Un tiers des Français avoue suivre en ligne des influenceurs. Ce chiffre passe à 63% dès lors que l’on interroge les 18-25 ans. Dans un souci de transparence des informations données, les influenceurs devront désormais indiquer lorsque leurs photos sont retouchées. Mais aussi mentionner les termes « publicité » ou « collaboration commerciale » sur les contenus rémunérés.

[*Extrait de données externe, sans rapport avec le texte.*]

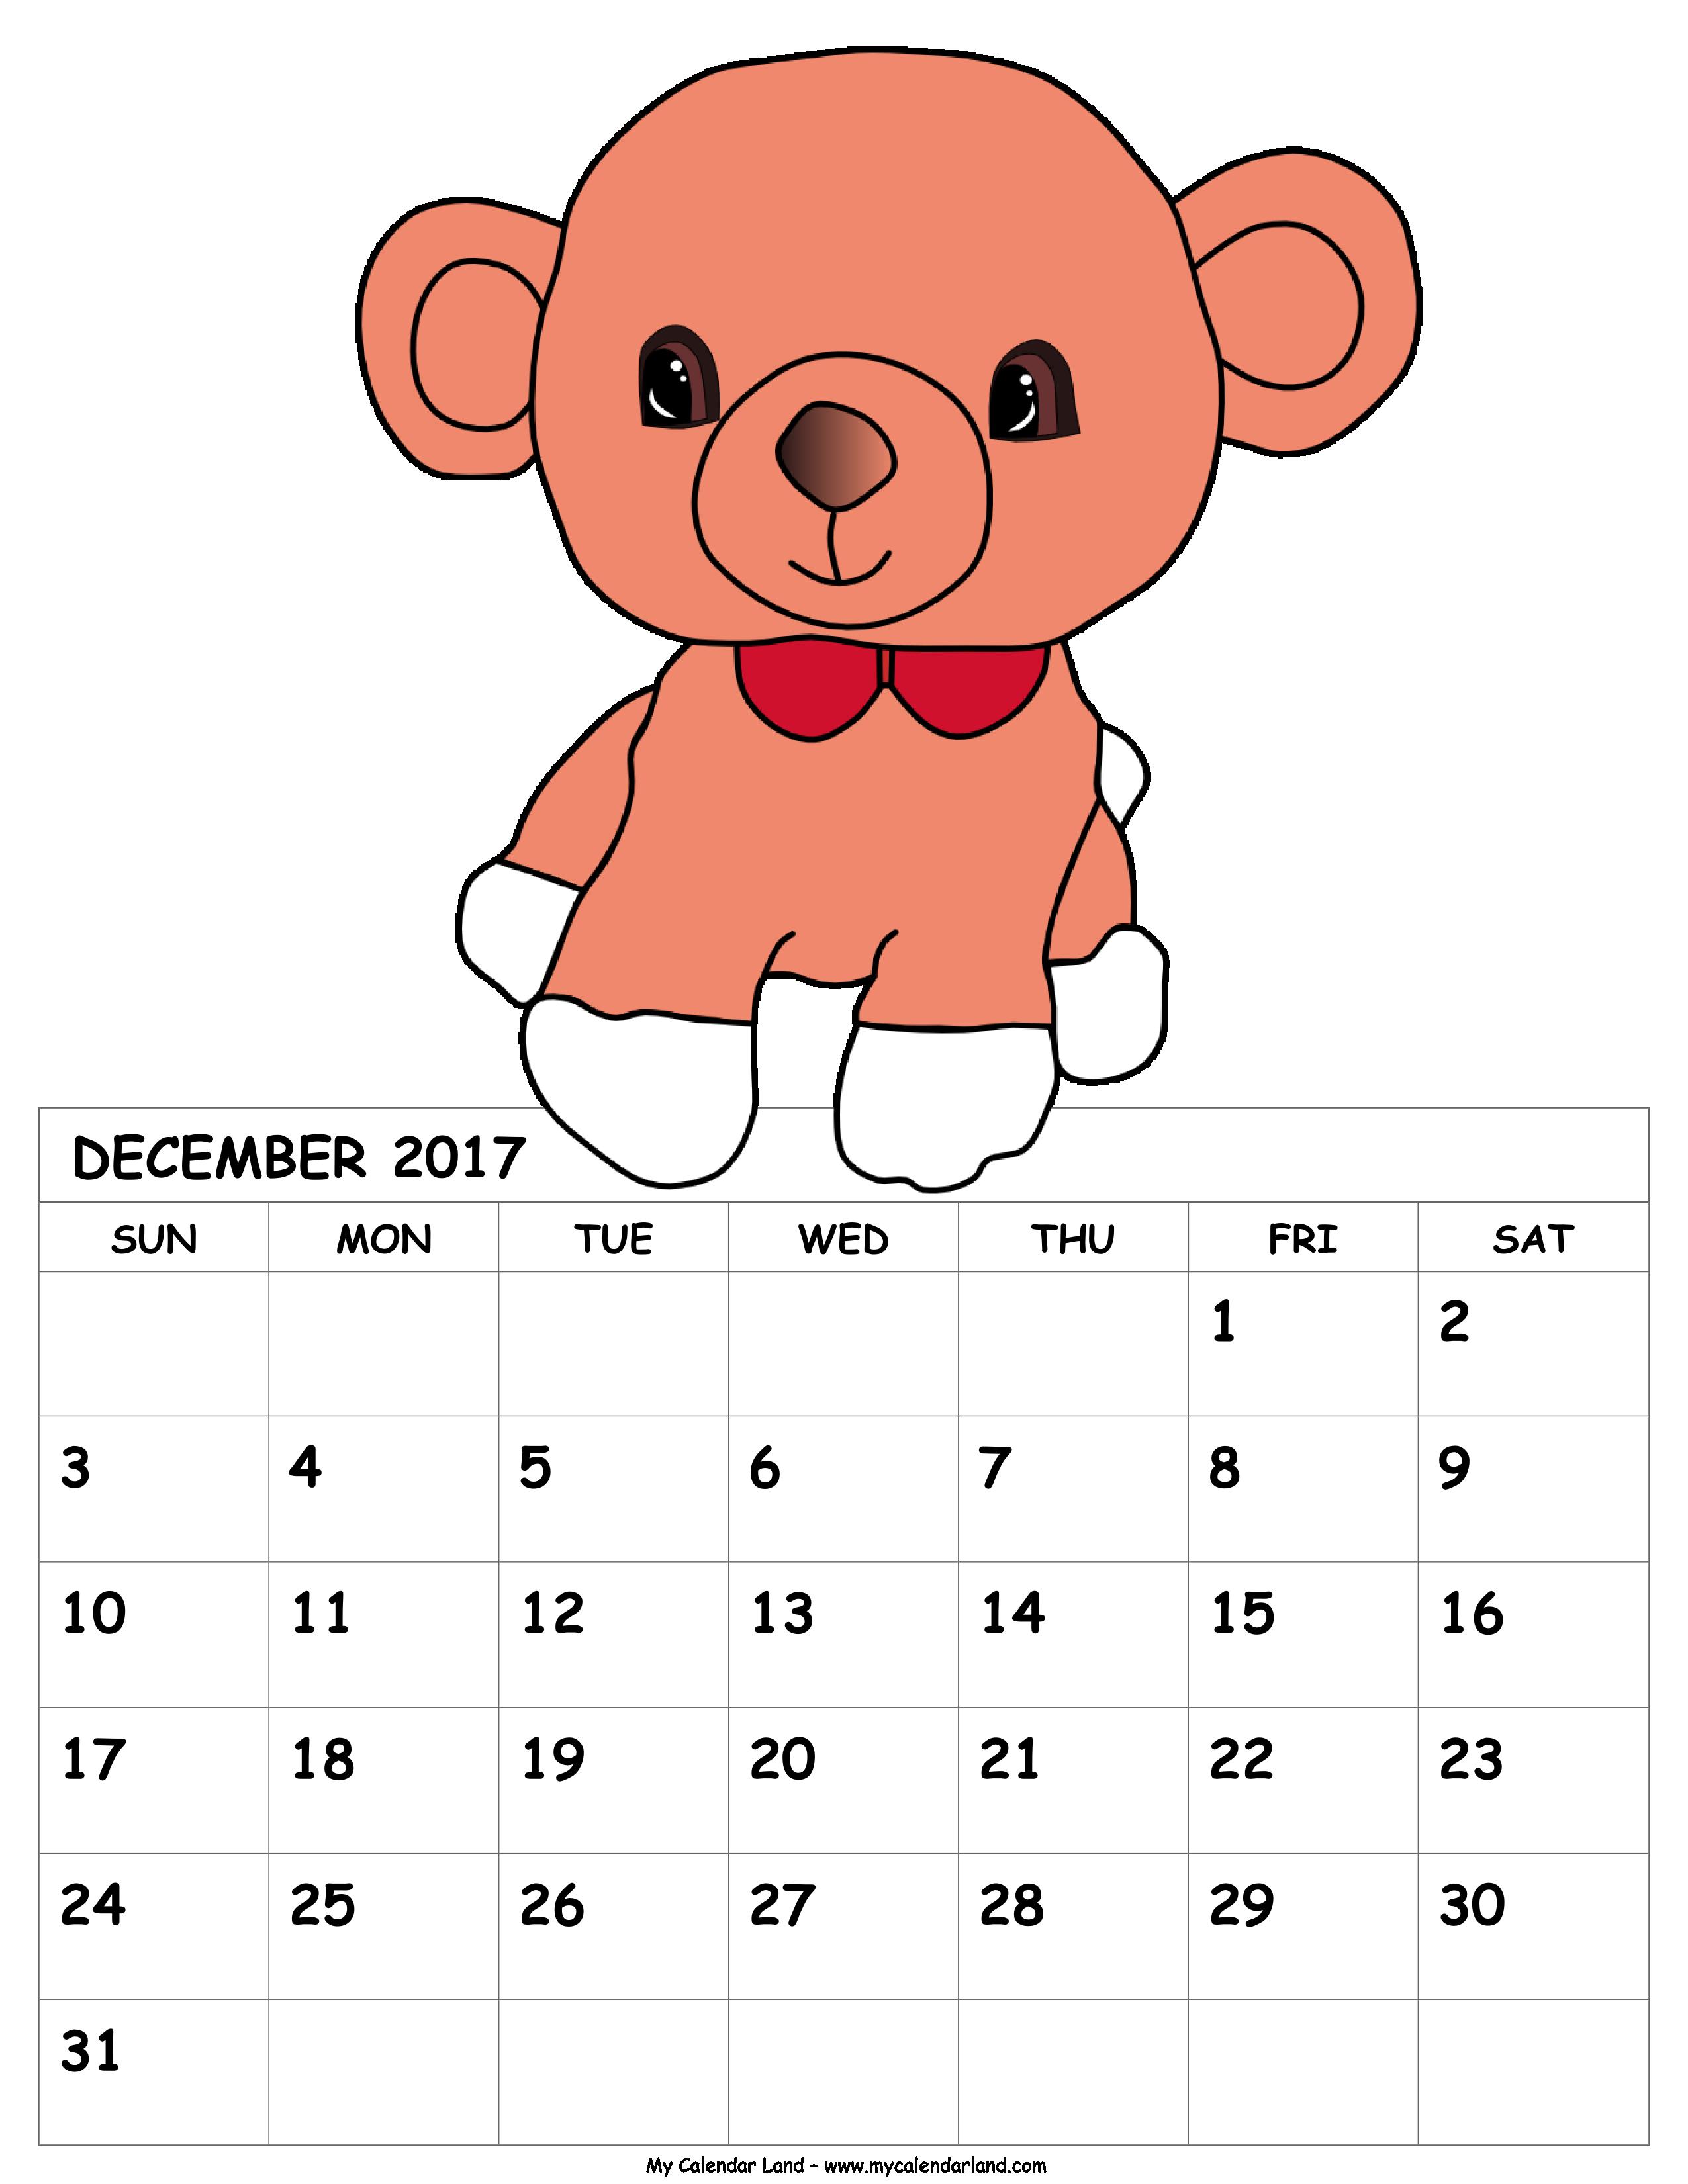 Monthly calendar november 2016 clipart banner royalty free December 2018 Calendar - My Calendar Land banner royalty free

Pour enrayer les dérives et autres arnaques liées à l’activité d’influence, ils ont également l’interdiction de mettre en avant des contenus faisant la promotion de la chirurgie esthétique, de produits et services financiers, d’abstention thérapeutique, de sachets de nicotine ou encore d’abonnements à des conseils et des pronostics sportifs. Leur responsabilité sera également directement engagée vis-à-vis des acheteurs en cas de dropshipping. En cas de non-respect, toutes ces obligations sont soumises à des peines de prison, de fortes amendes pouvant aller jusqu’à 300.000€, voire une interdiction d’exercer.

Le cas particulier des enfants influenceurs

Le législateur s’est également penché sur le phénomène d’exposition des enfants par leurs parents. Ainsi, le législateur a étendu les règles sur le travail des enfants youtubeurs à toutes les plateformes en ligne. Ces enfants sont désormais sous le coup de la protection du code du travail. Et leurs parents ont l’obligation de consigner une partie de leurs revenus jusqu’à leur majorité.


L’essentiel

  • Une majorité numérique est requise pour s’inscrire sur les réseaux sociaux.
  • Il appartient aux réseaux sociaux de s’assurer de la véracité de l’autorisation parentale avant d’ouvrir un compte à un mineur.
  • À compter de juillet 2024, tous les appareils connectés en vente devront être dotés d’un contrôle parental.
  • La loi réglemente la nature des contenus produits par les influenceurs.

Pour aller plus loin

Le Ministère de l’Économie, des Finances et de la Souveraineté Industrielle et Numérique a mis à la disposition des influenceurs et du grand public un « Guide de la bonne conduite des influenceurs et des créateurs de contenus ». Une bonne base à consulter avant de se lancer sur les réseaux sociaux !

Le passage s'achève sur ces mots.